→ WORK REQUIRED:
Transcribe the lines below exactly. No image belongs in the transcription.

→ PROVIDED DATA:
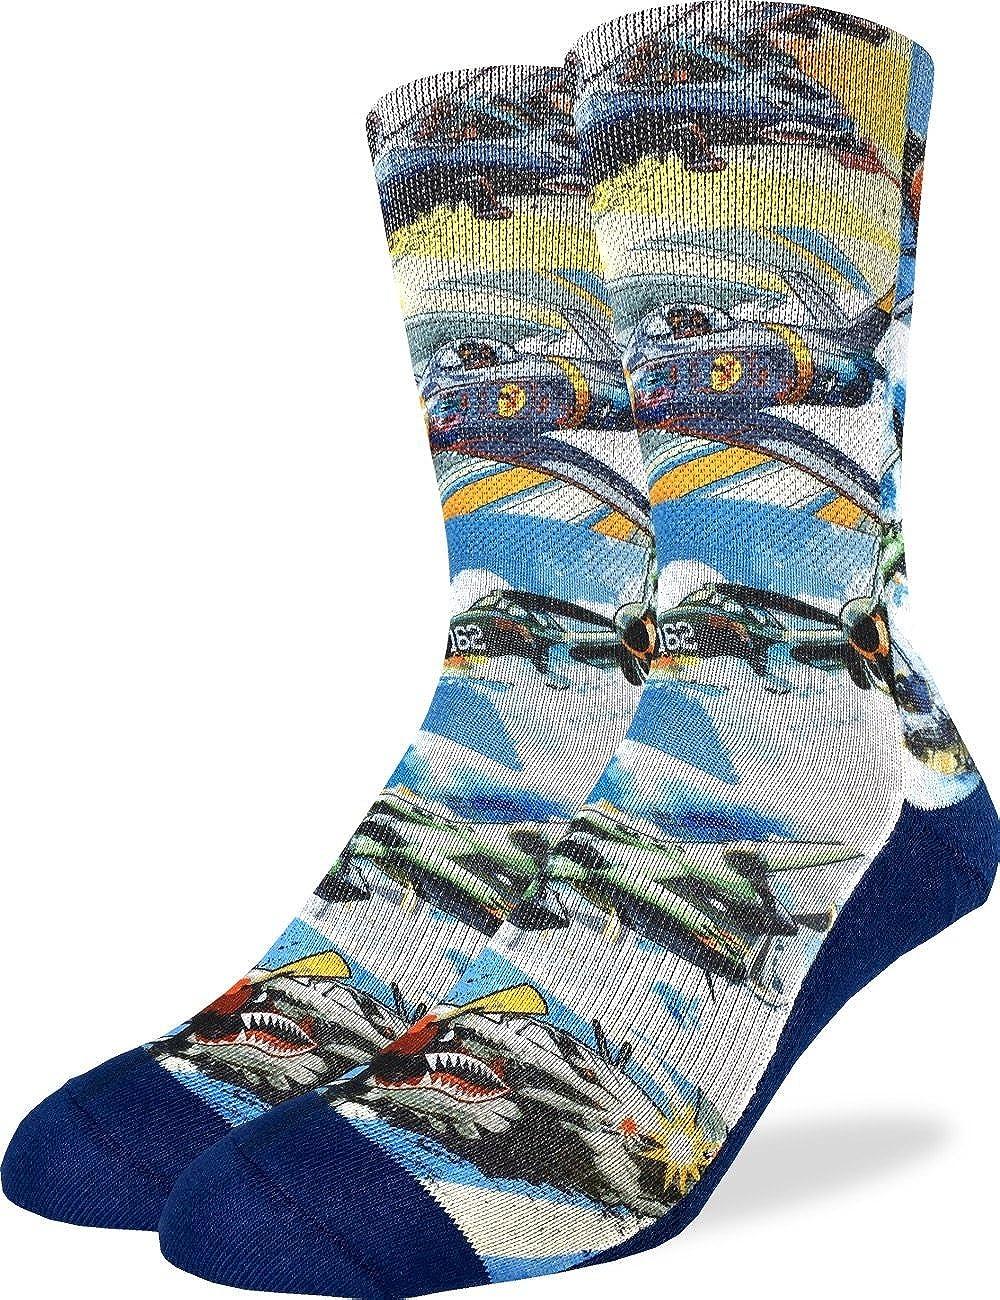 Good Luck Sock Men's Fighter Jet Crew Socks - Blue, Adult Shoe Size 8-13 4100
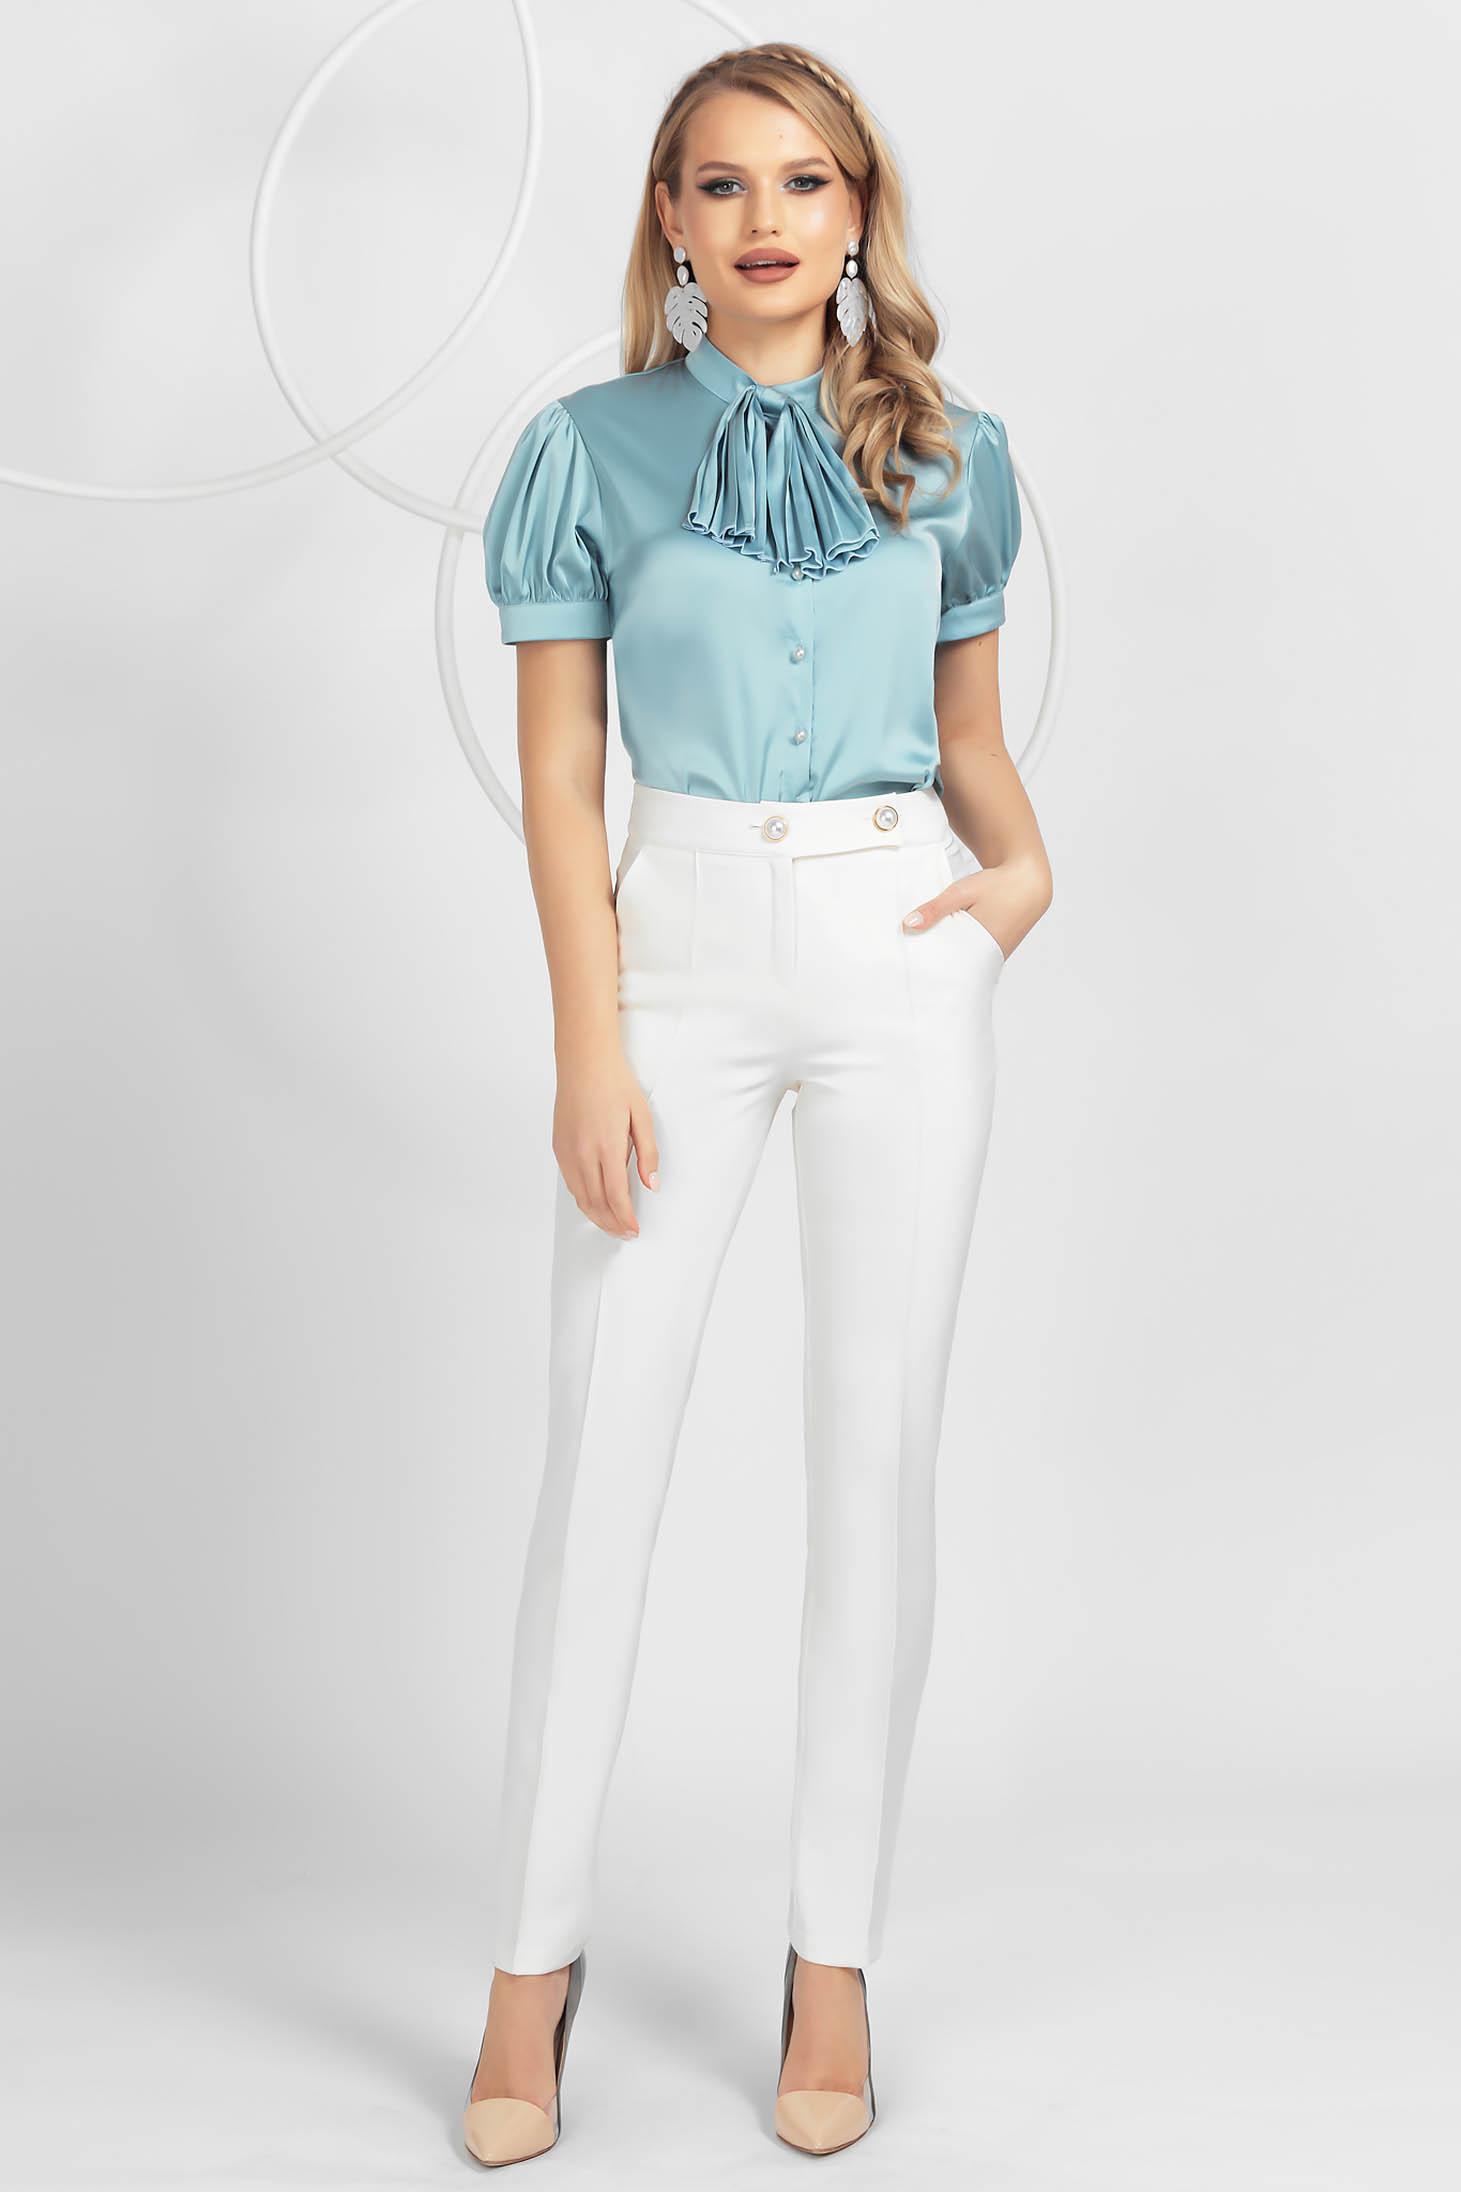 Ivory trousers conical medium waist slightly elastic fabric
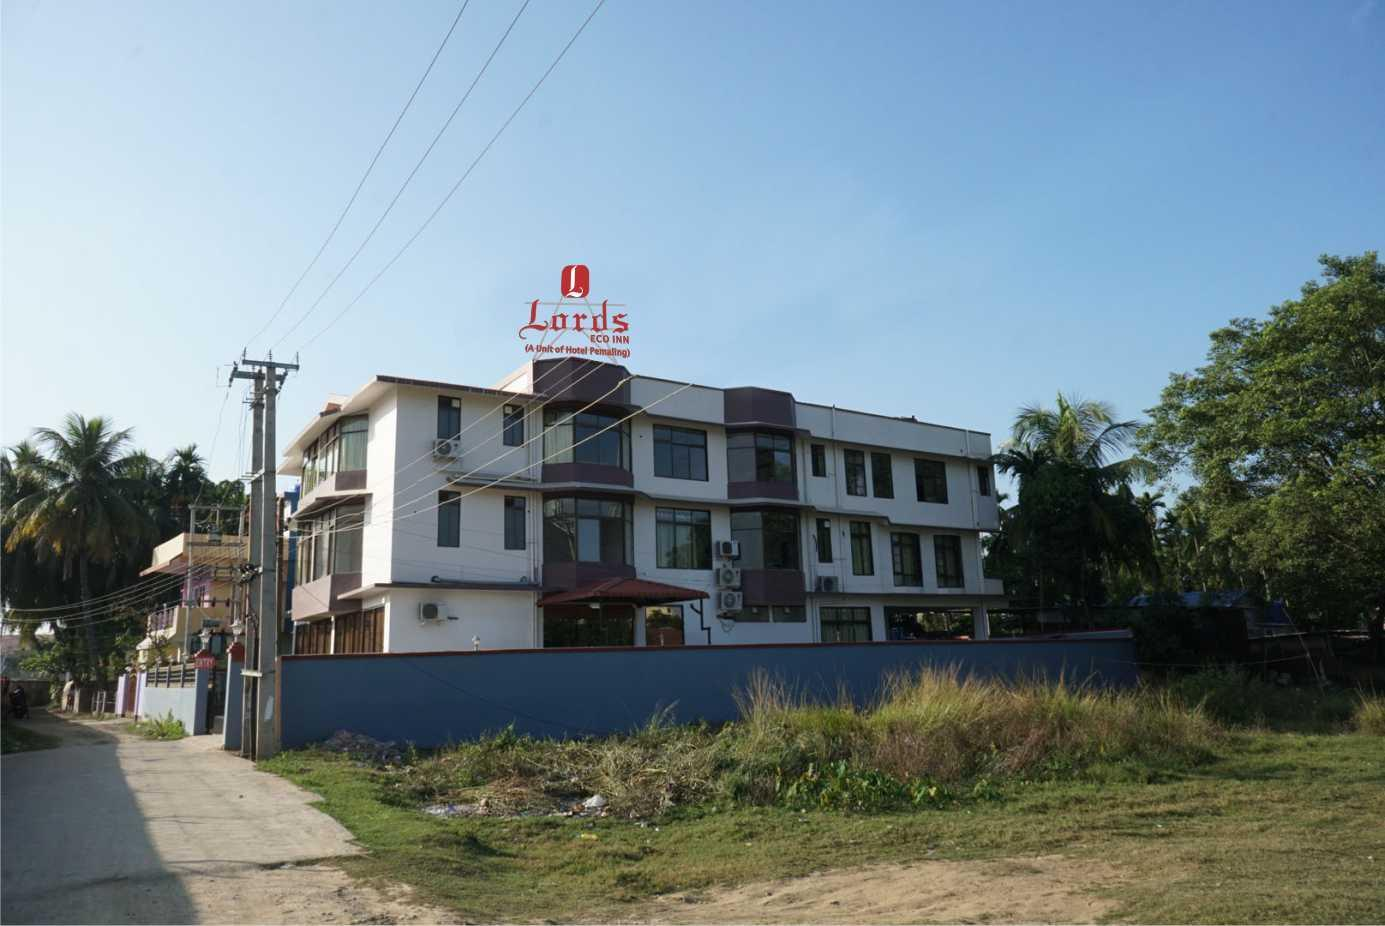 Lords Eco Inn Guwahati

→ SOLUTION TO THIS EXERCISE:
 Good Luck Sock Men's Fighter Jet Crew Socks - Blue, Adult Shoe Size 8-13 4100
 Ivory trousers conical medium waist slightly elastic fabric
 Lords Eco Inn Guwahati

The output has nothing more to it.